Only a champion at heart could endure and survive the repeated ordeals detailed by Laura Hilllenbrand in such a painful and poignant narrative. It’s an incredible tale that can’t help but make you wonder how our soldiers manage to return to a country that can barely fathom their ordeals.
In Unbroken, we marvel at the commitment of Louie Zamperini, a native of Torrance California who ran the 5,000 meters at the 1936 Olympics where, after the race, he had the plunk to ask Joseph Goebbels to take Adolph Hitler’s picture which led to a fleeting introduction to the Fuehrer.

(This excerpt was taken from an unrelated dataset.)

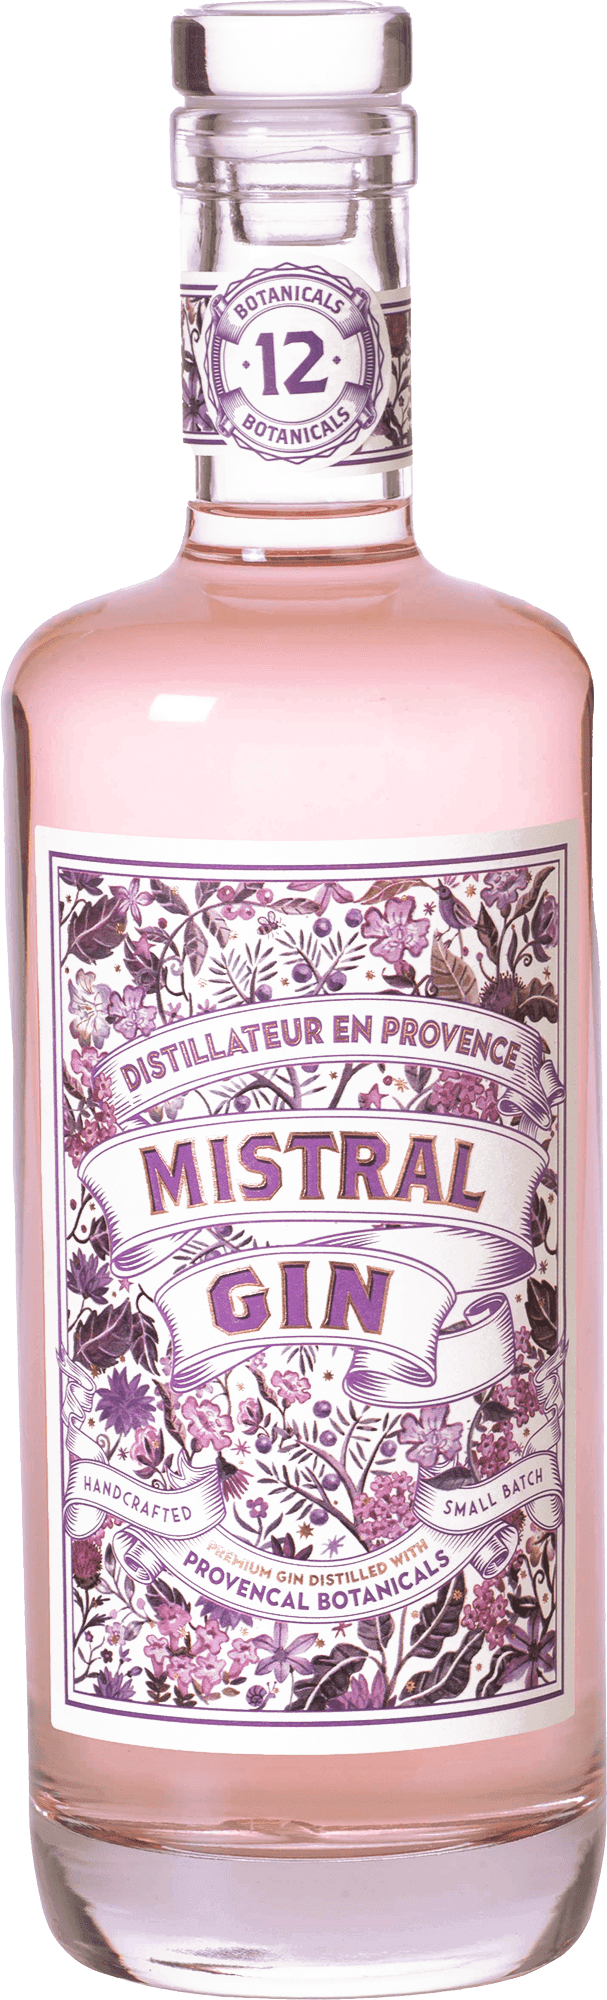 Mistral Rose Gin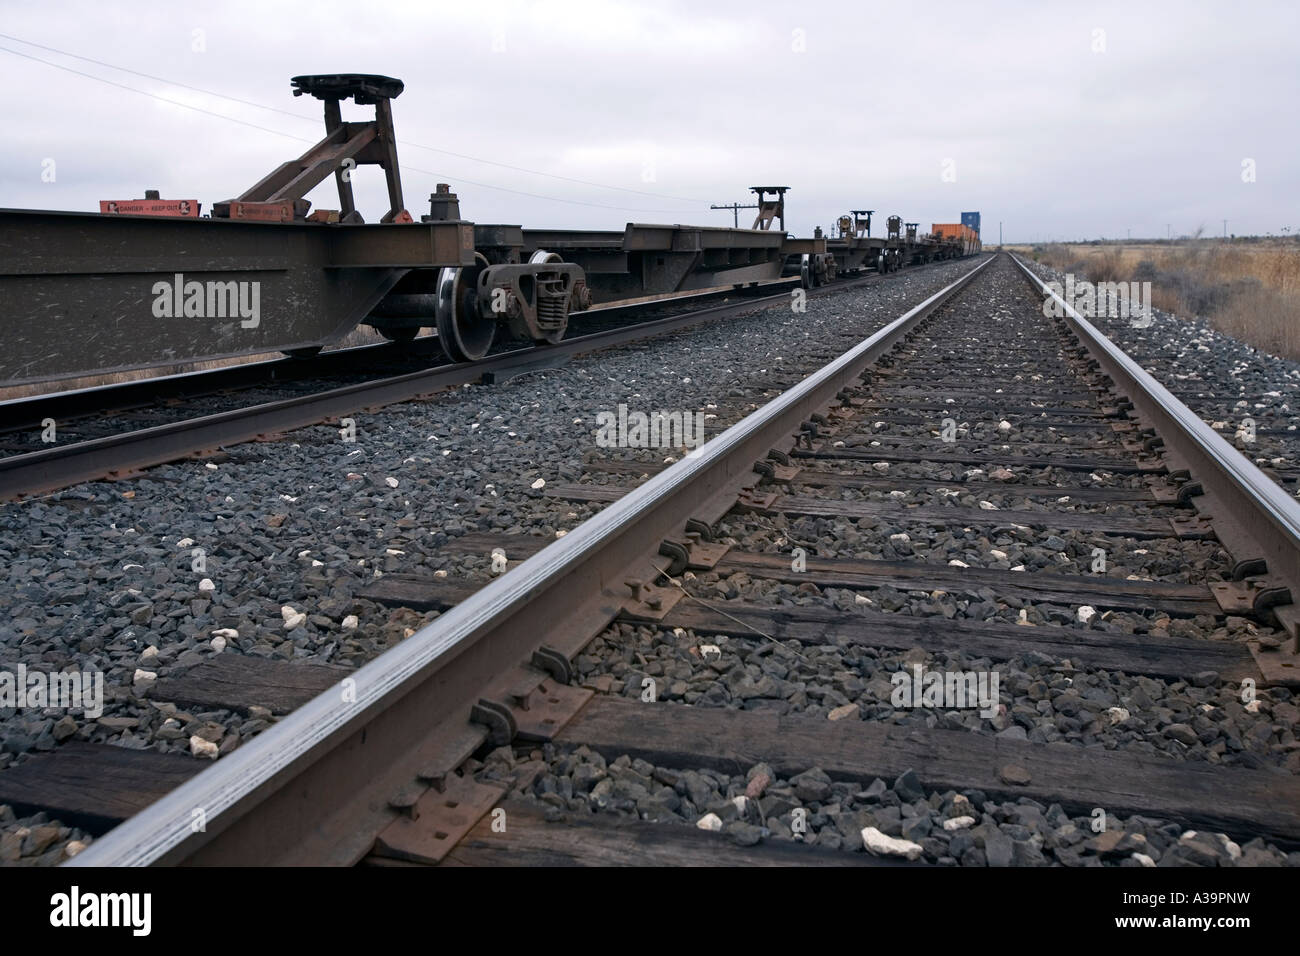 Union Pacific Railway entre Alpine et Marathon dans l'ouest du Texas Banque D'Images

When the 1940 Olympics was cancelled as a result of Hitler’s blitzkrieg, Louis joined the Army Air Corp. Trained as a bombardier, he flew aboard a B-24 named Super Man which, torn up by flak and Japanese Zeroes on a raid over Nauru, barely managed to return to safe harbor. Not long afterwards, Zamperini “volunteered” for a rescue mission aboard a “flying coffin” named the Green Hornet. The Green Hornet malfunctioned over the Pacific and dropped into the ocean. Louie survived, along with the pilot, Russell Allen “Phil” Phillips, and Francis “Mac” McNamara. Together the three airmen floated in a raft for forty-seven days, surviving on shark meat and raw albatross, only to drift into the clutches of a Japanese naval vessel.
Things turn from horrific to torturous. Louie spent the remainder of the war in various Japanese POW camps where he was singled out for vicious assaults and barbaric deprivations. He survived but it is difficult to imagine how he summoned the will and courage to do so. Ironically, one of his interrogators was a Japanese émigré he had known while going to school at the University of Southern California. Louie Zamperini came back from the war but his life after captivity wasn’t exactly easy; yet, he continued to persevere. As he summed up his efforts on an earlier occasion when he was still keen on becoming a champion runner, “All I had,” he said, “I gave it.”